> What the task requires:
Make an exact copy of the entries, and keep any pictures out of it.

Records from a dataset

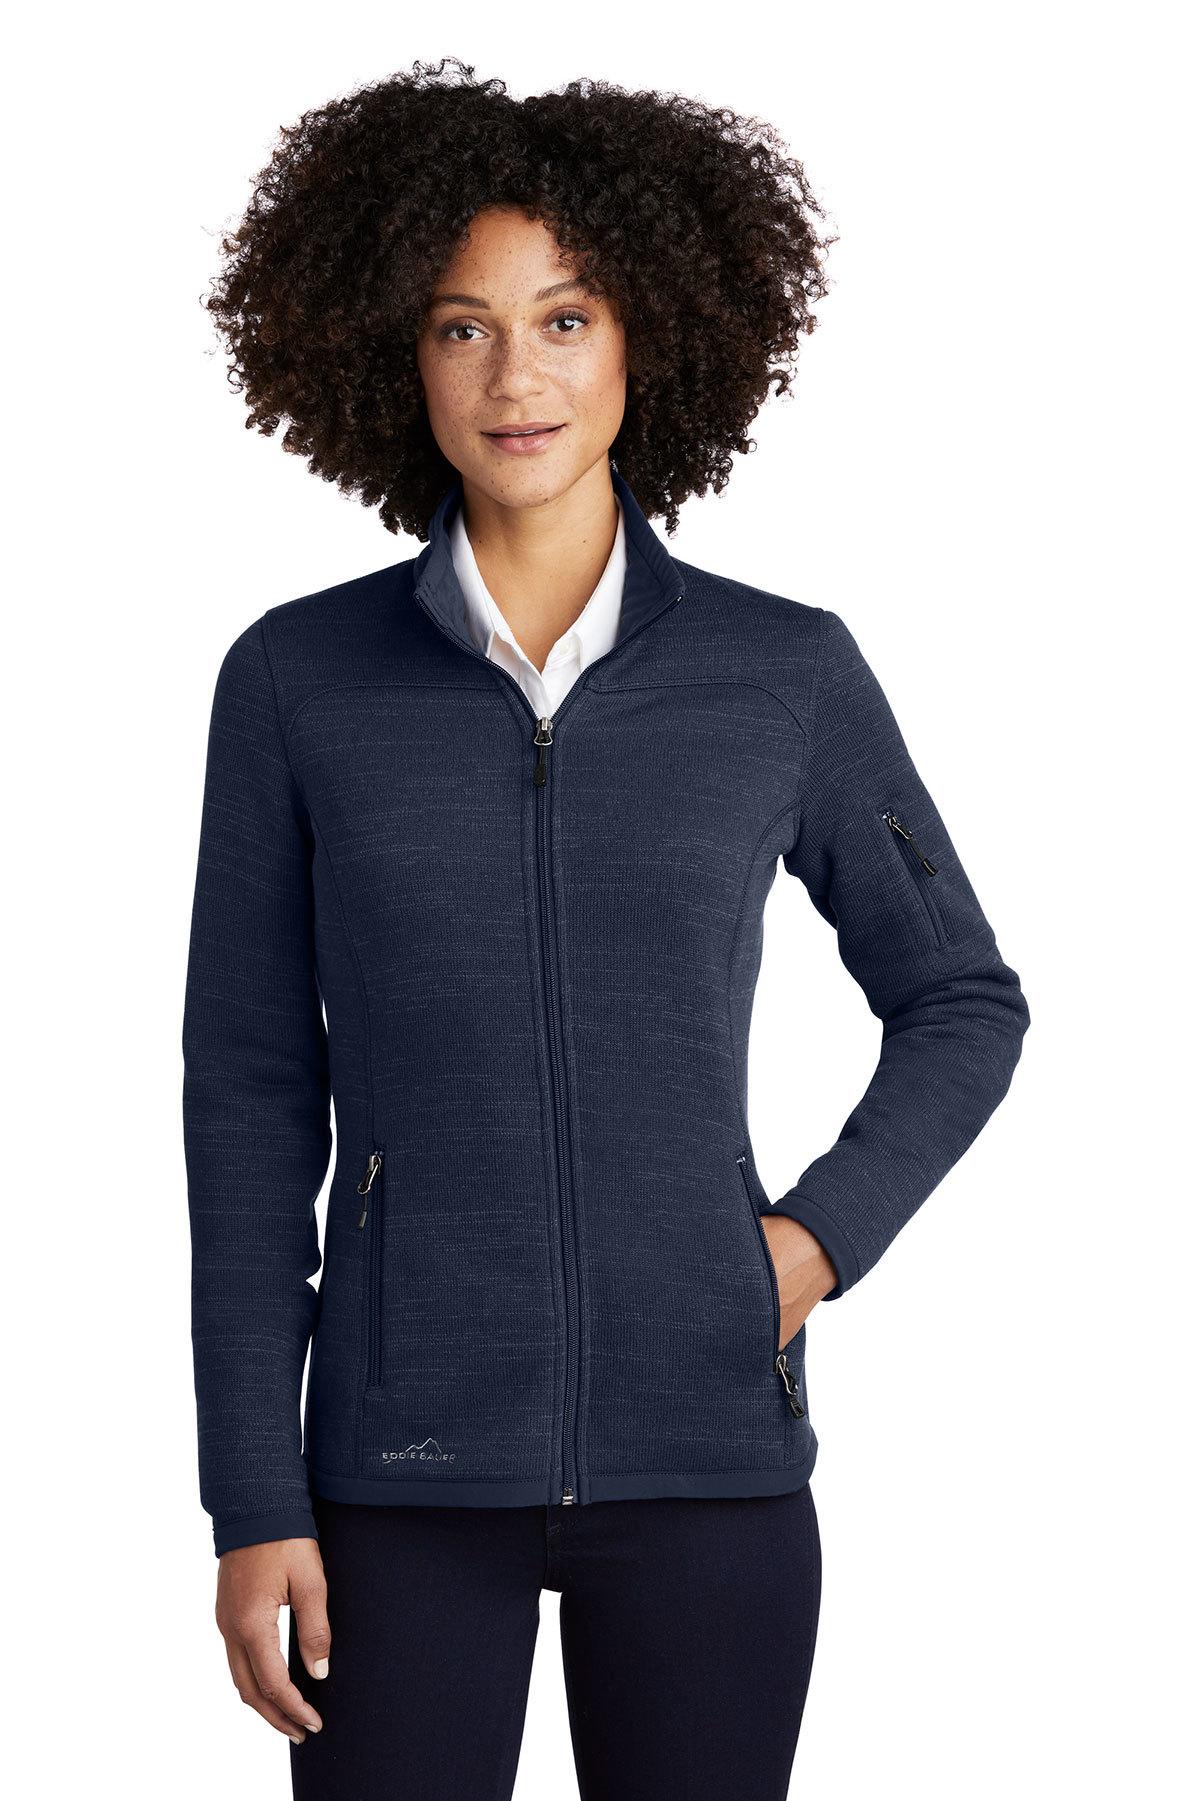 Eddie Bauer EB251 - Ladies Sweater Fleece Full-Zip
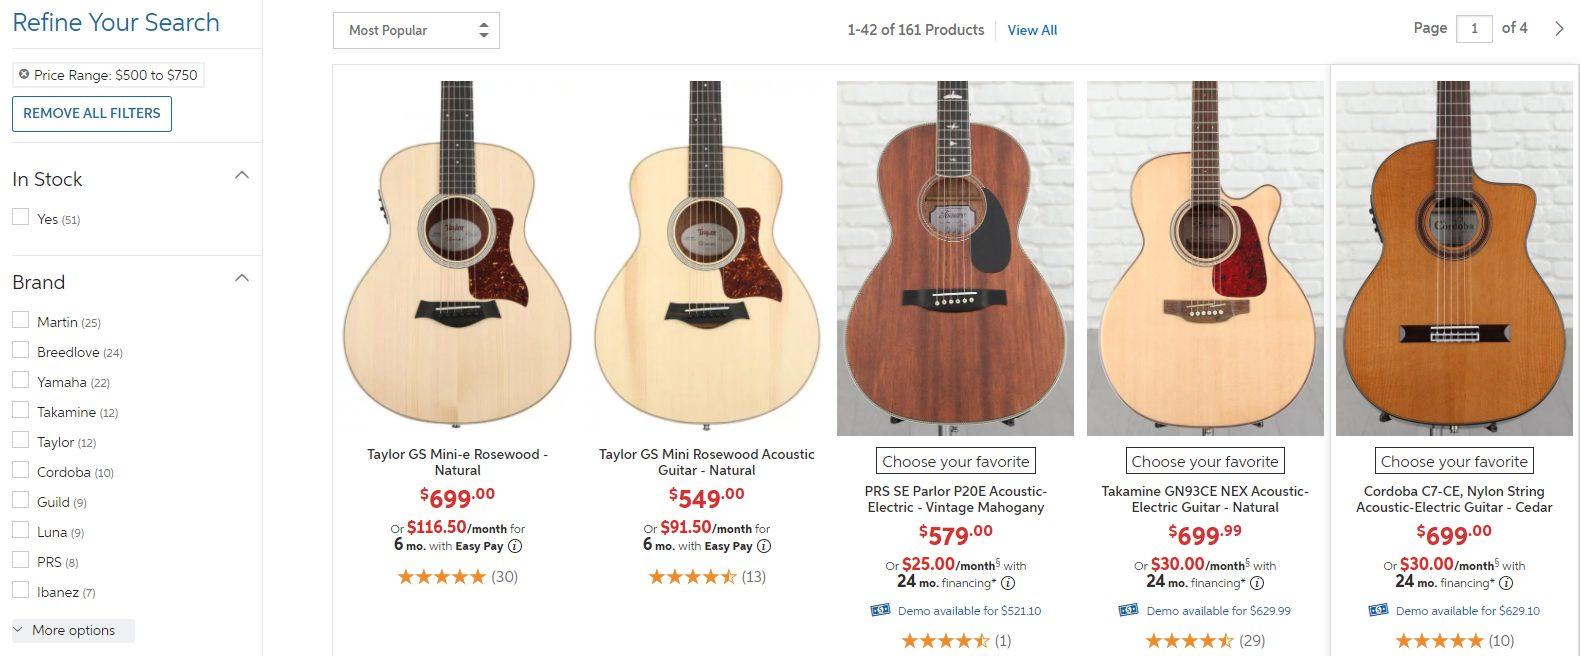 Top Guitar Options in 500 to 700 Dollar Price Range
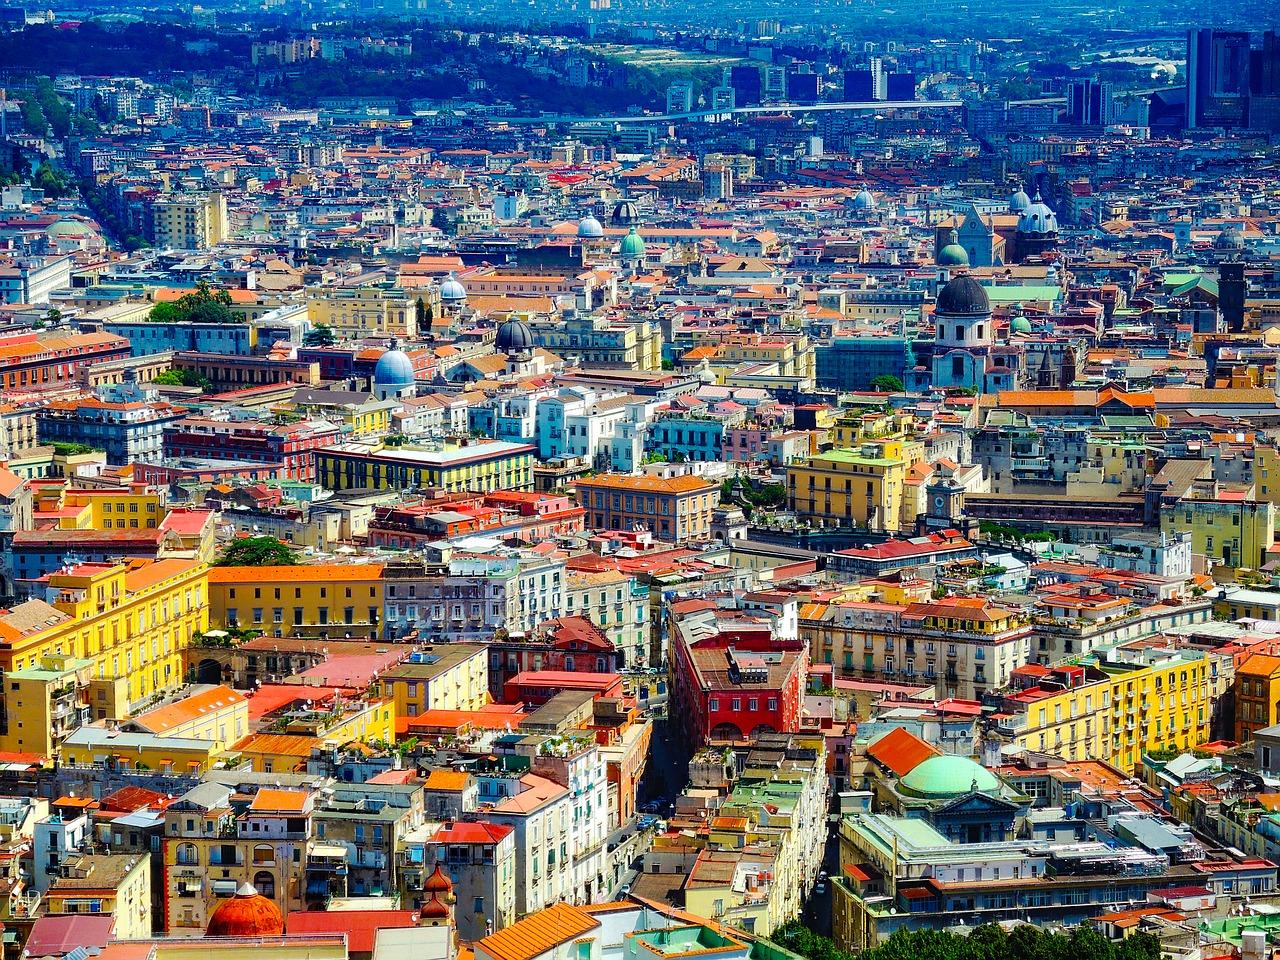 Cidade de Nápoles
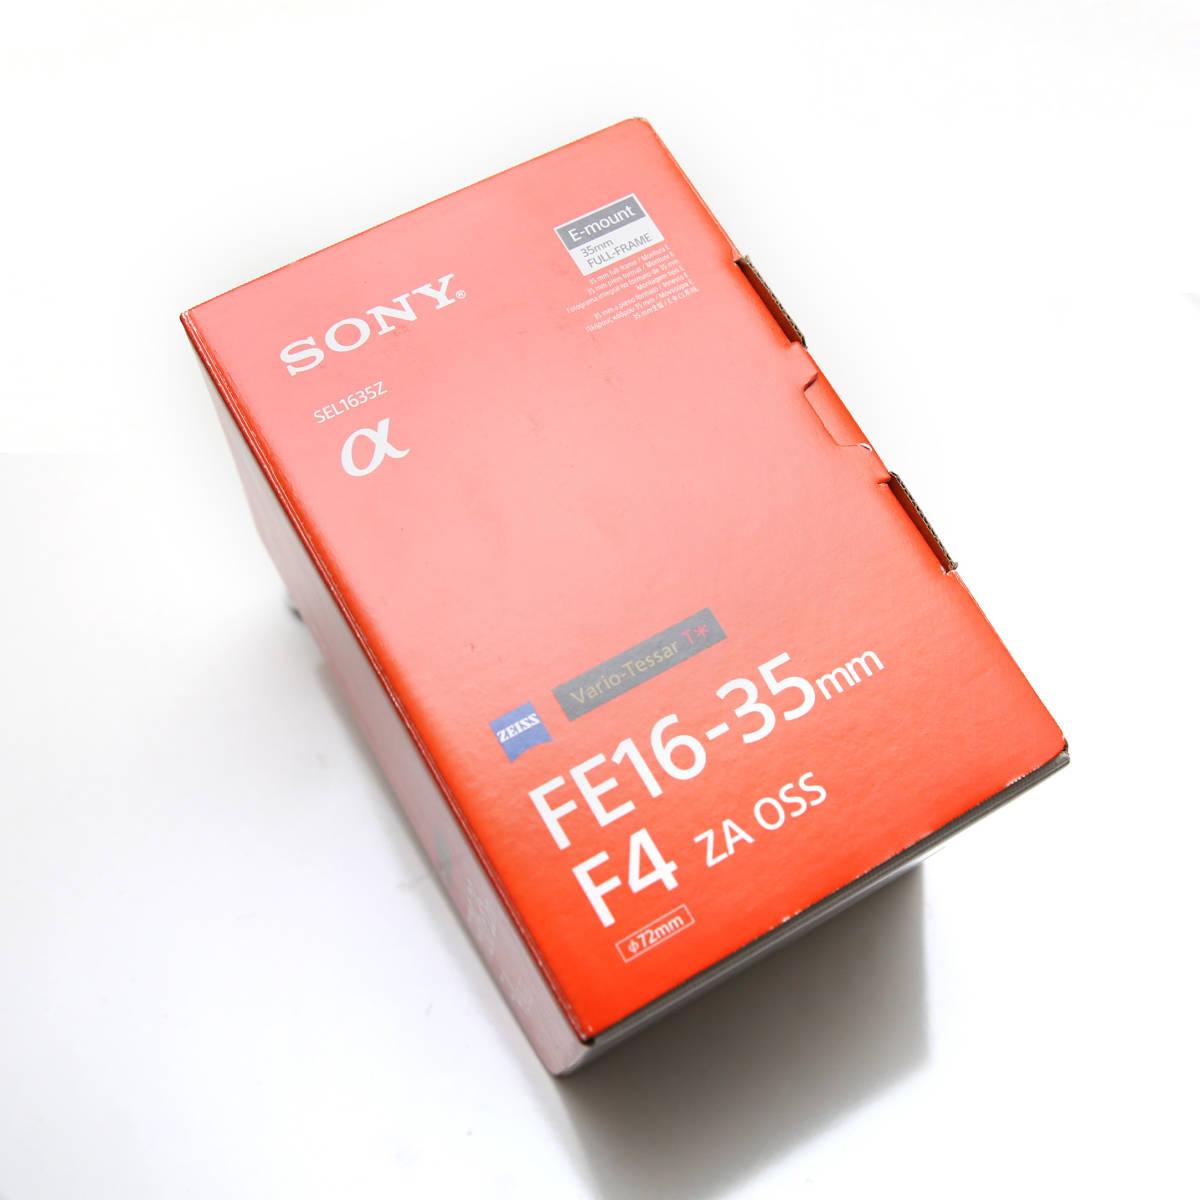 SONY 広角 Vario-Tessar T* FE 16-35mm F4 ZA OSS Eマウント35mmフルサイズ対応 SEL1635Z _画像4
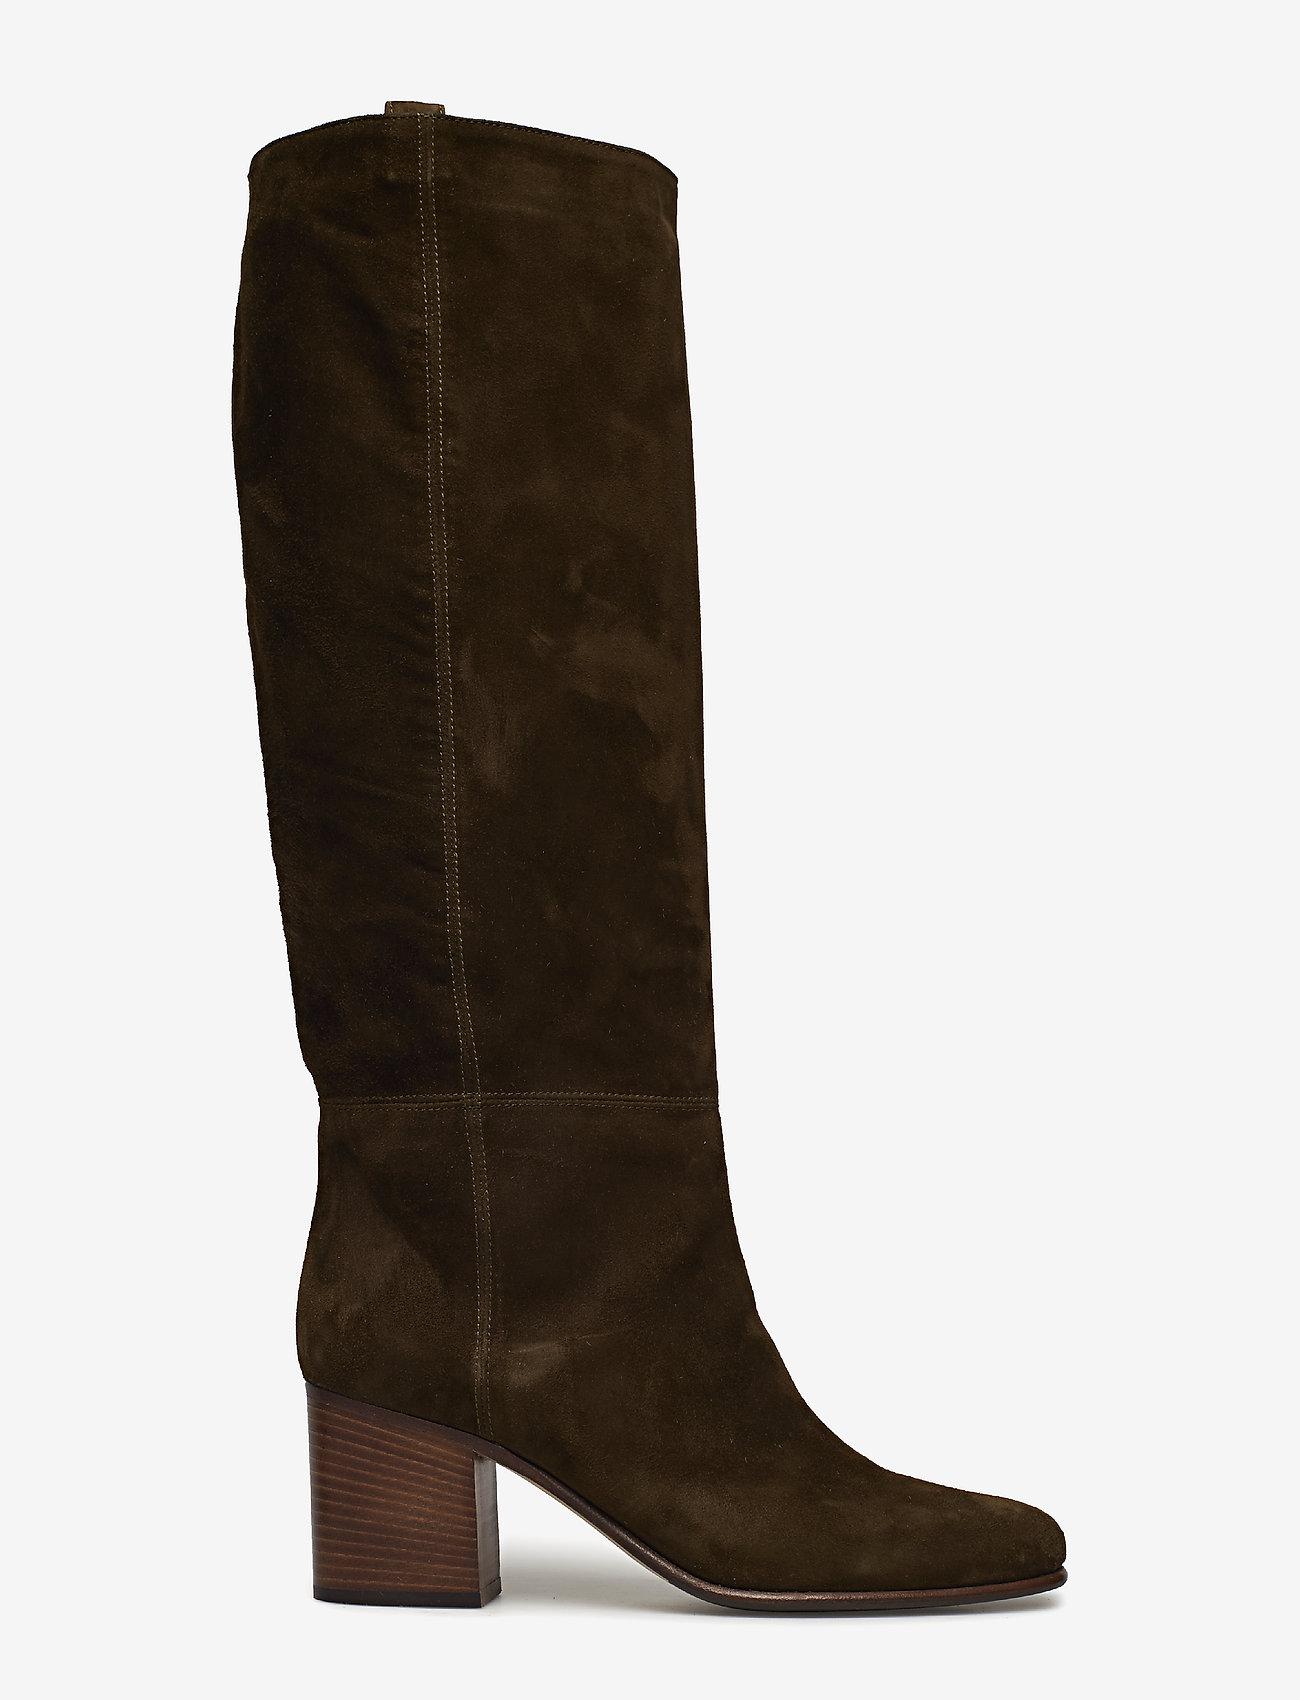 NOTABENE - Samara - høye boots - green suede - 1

> Result below:
 Eddie Bauer EB251 - Ladies Sweater Fleece Full-Zip
 Top Guitar Options in 500 to 700 Dollar Price Range
 Cidade de Nápoles
 SONY 広角 Vario-Tessar T* FE 16-35mm F4 ZA OSS Eマウント35mmフルサイズ対応 SEL1635Z _画像4
 NOTABENE - Samara - høye boots - green suede - 1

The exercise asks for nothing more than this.